About this exercise » Please restate exactly the lines from the one holding "9.-Daniel-Vargas" to the end of the material, including both ends and excluding every picture.

Data for this exercise »

────────

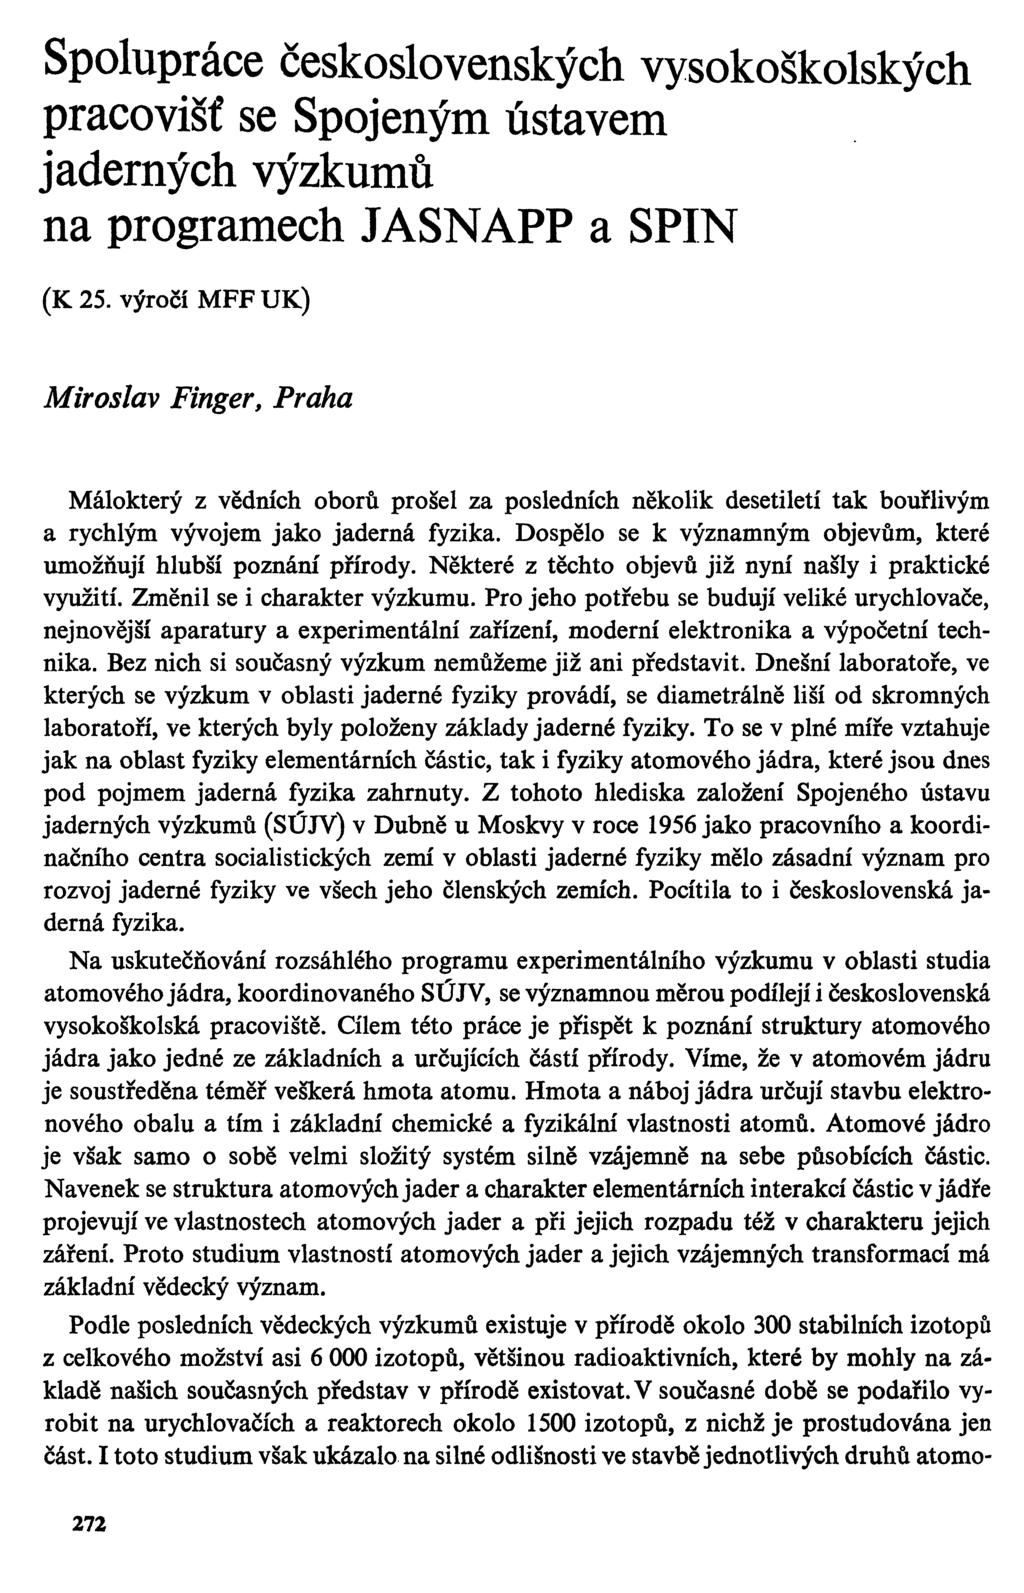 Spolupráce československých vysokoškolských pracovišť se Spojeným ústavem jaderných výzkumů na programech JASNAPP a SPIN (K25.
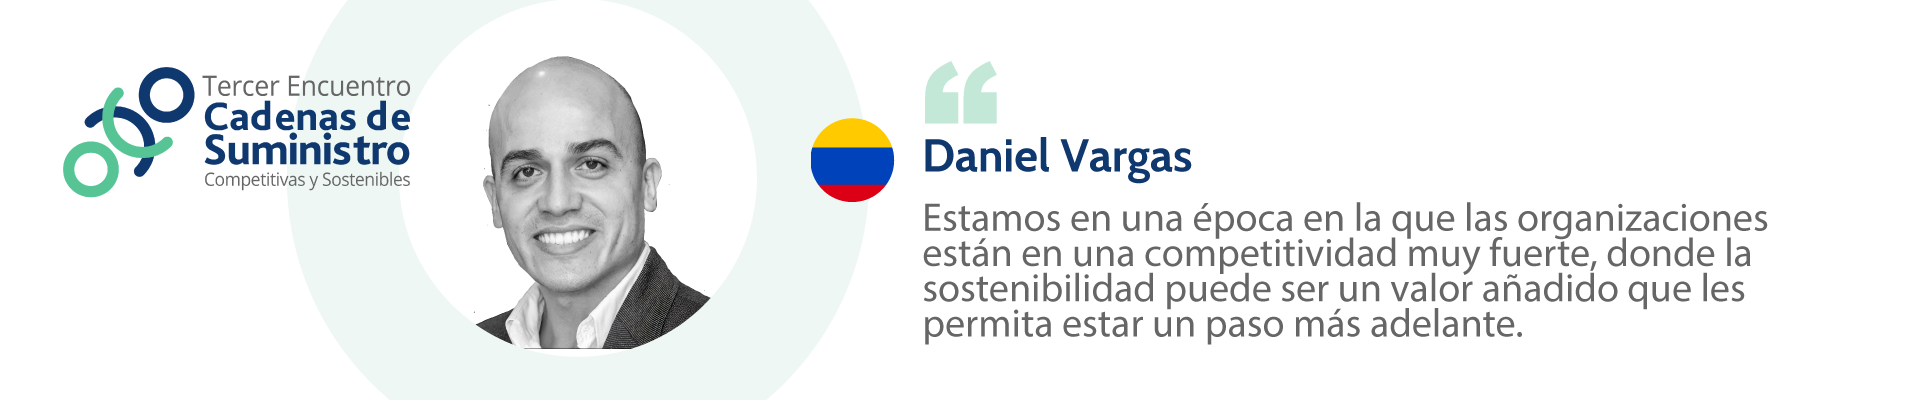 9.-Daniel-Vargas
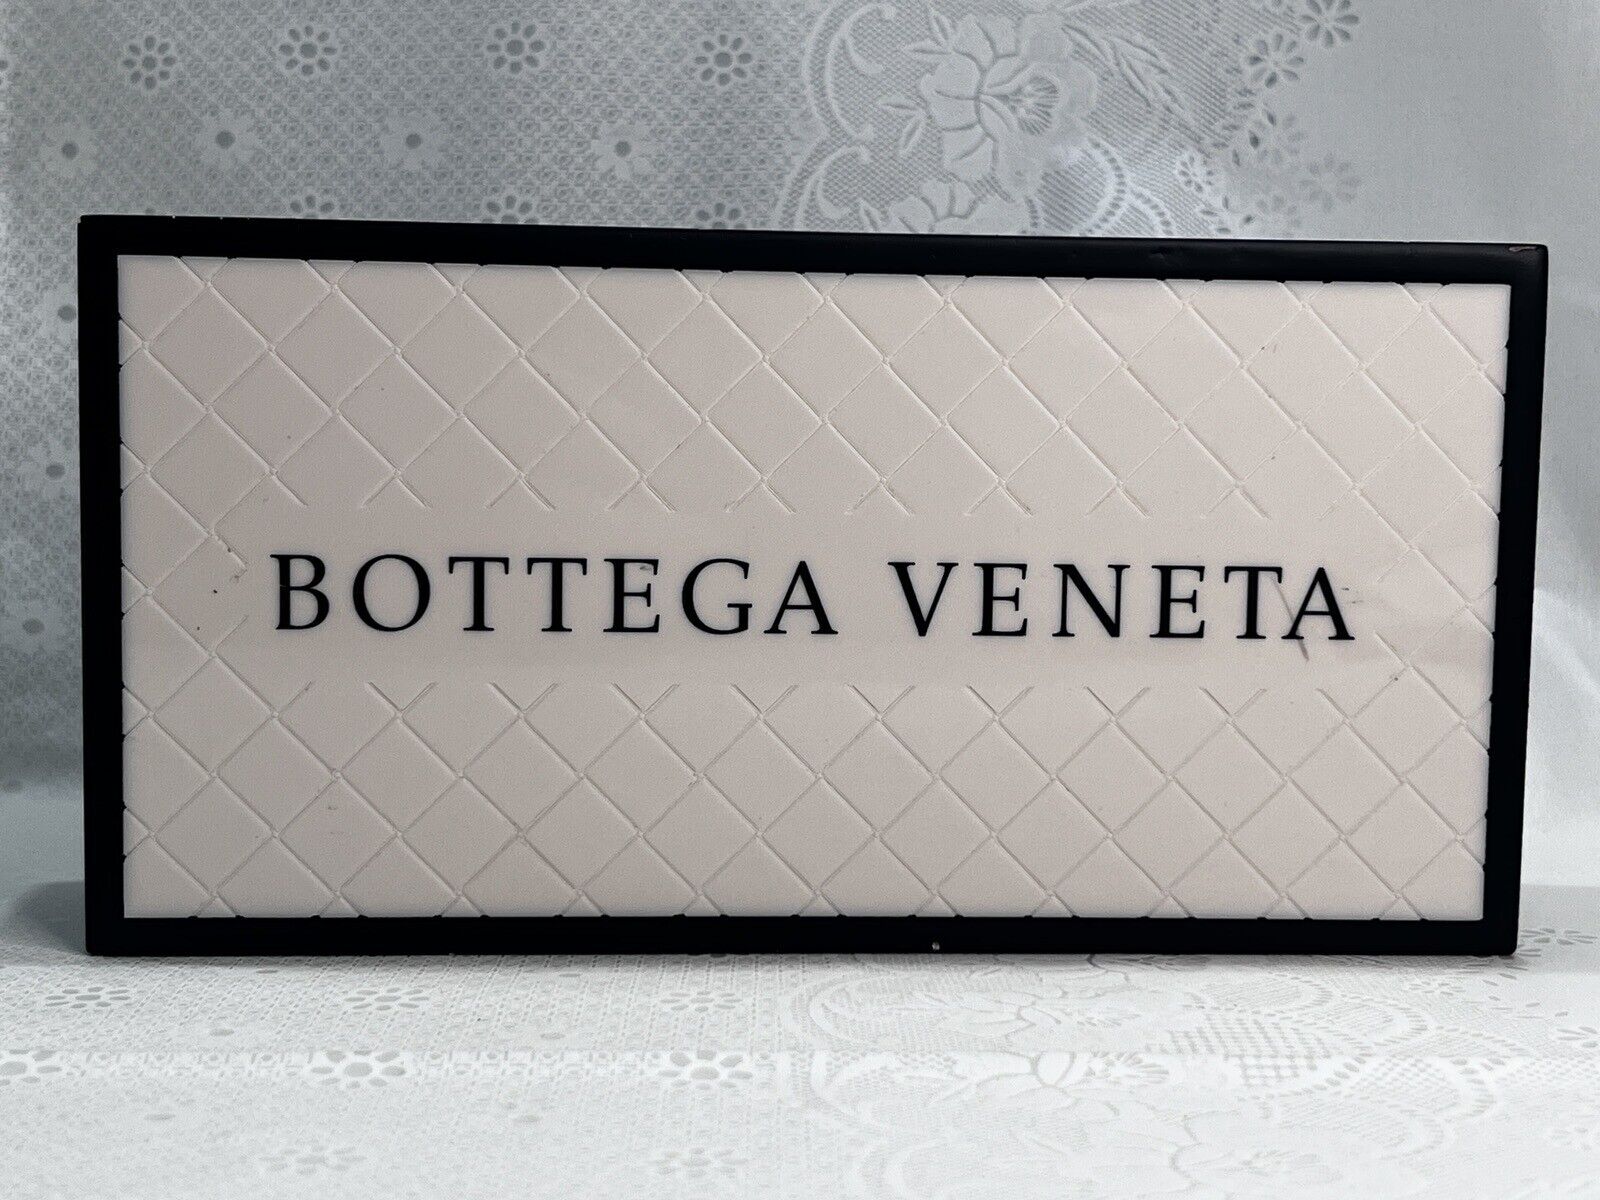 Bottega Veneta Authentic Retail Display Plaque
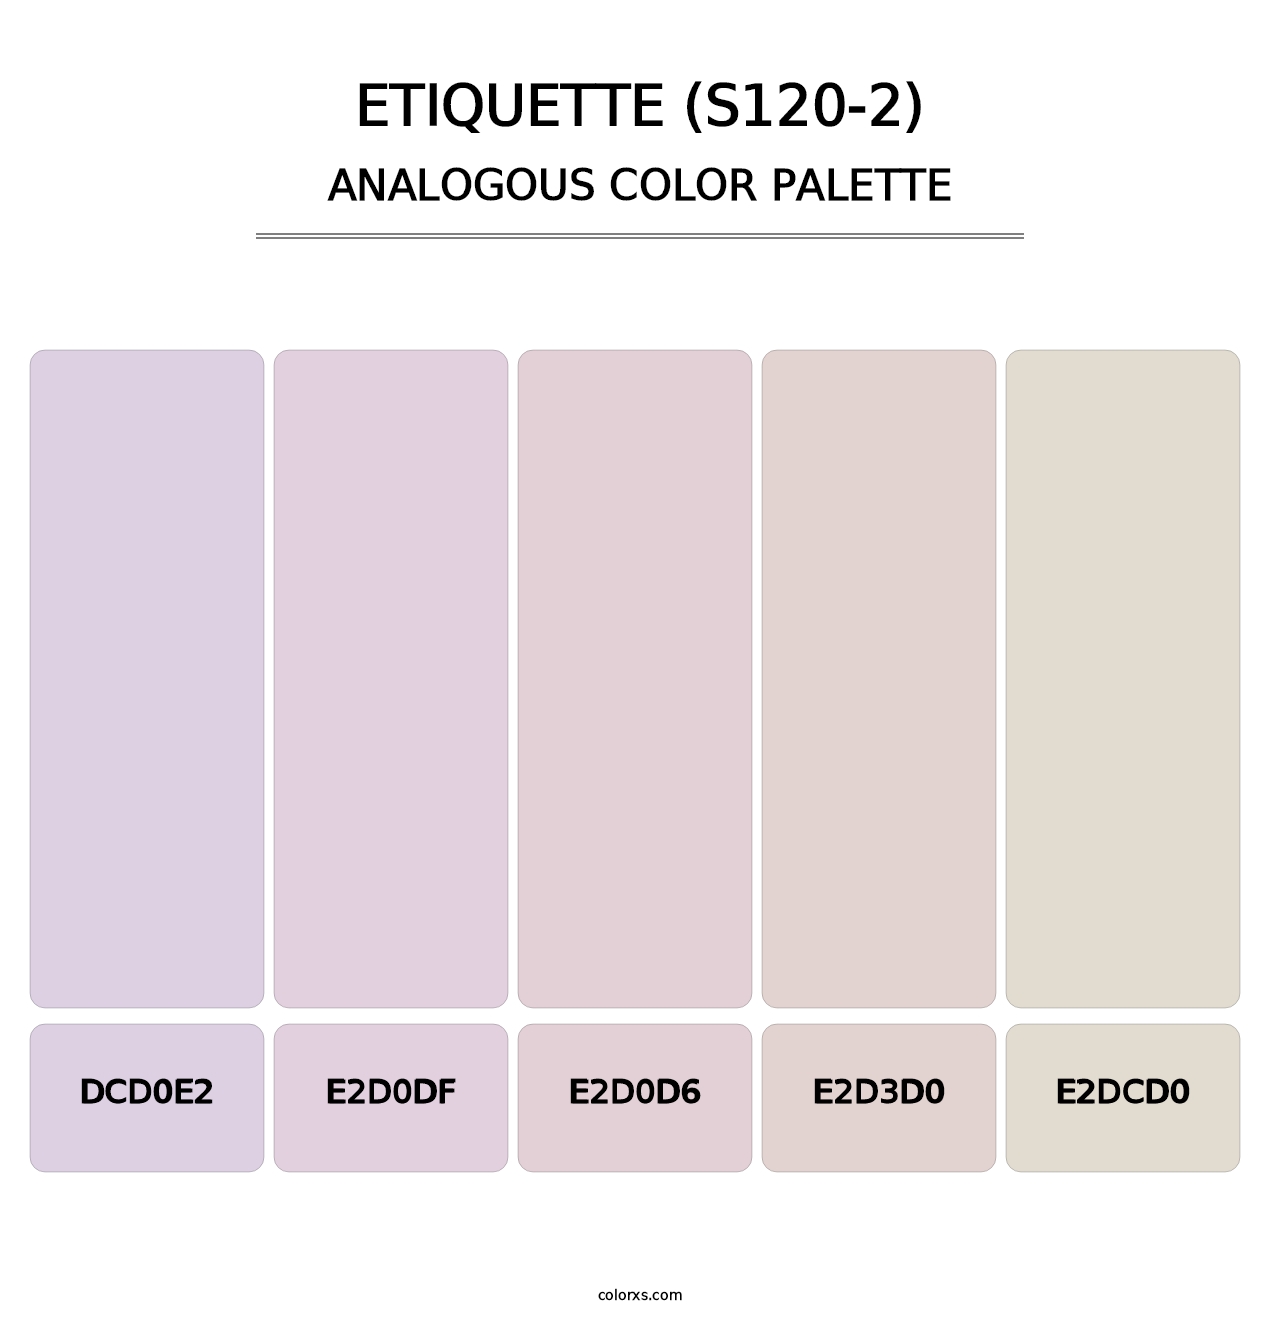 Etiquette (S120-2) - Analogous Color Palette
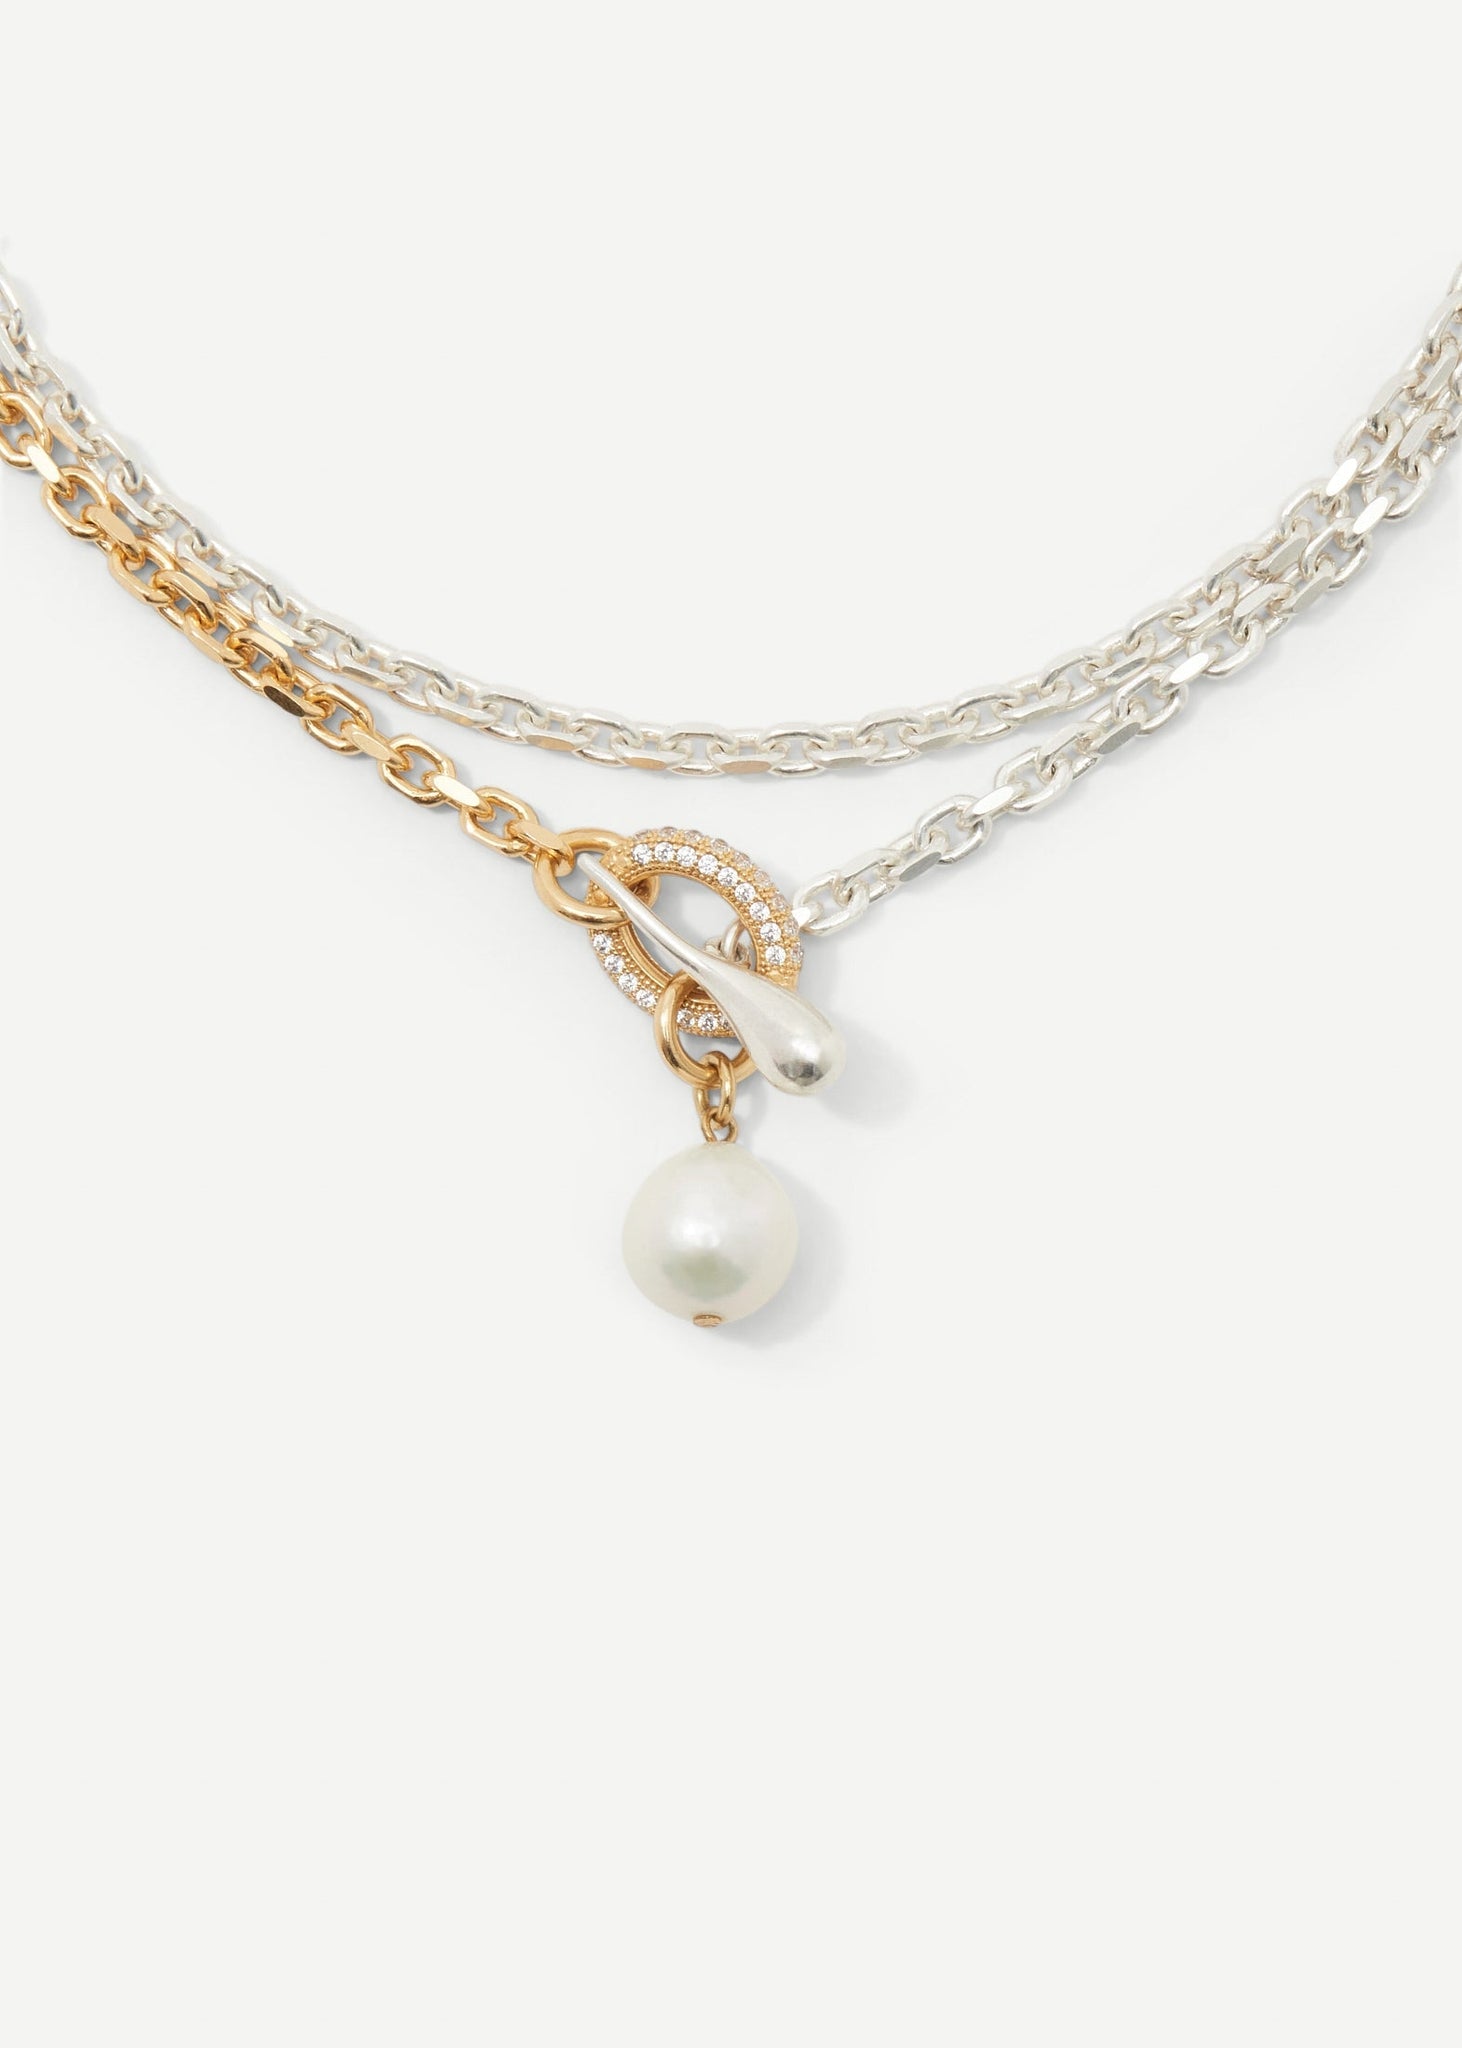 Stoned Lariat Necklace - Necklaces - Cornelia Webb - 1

────────

Task response »
 9.-Daniel-Vargas
 Bottega Veneta Authentic Retail Display Plaque
 Etiquette (S120-2) - Analogous Color Palette
 Stoned Lariat Necklace - Necklaces - Cornelia Webb - 1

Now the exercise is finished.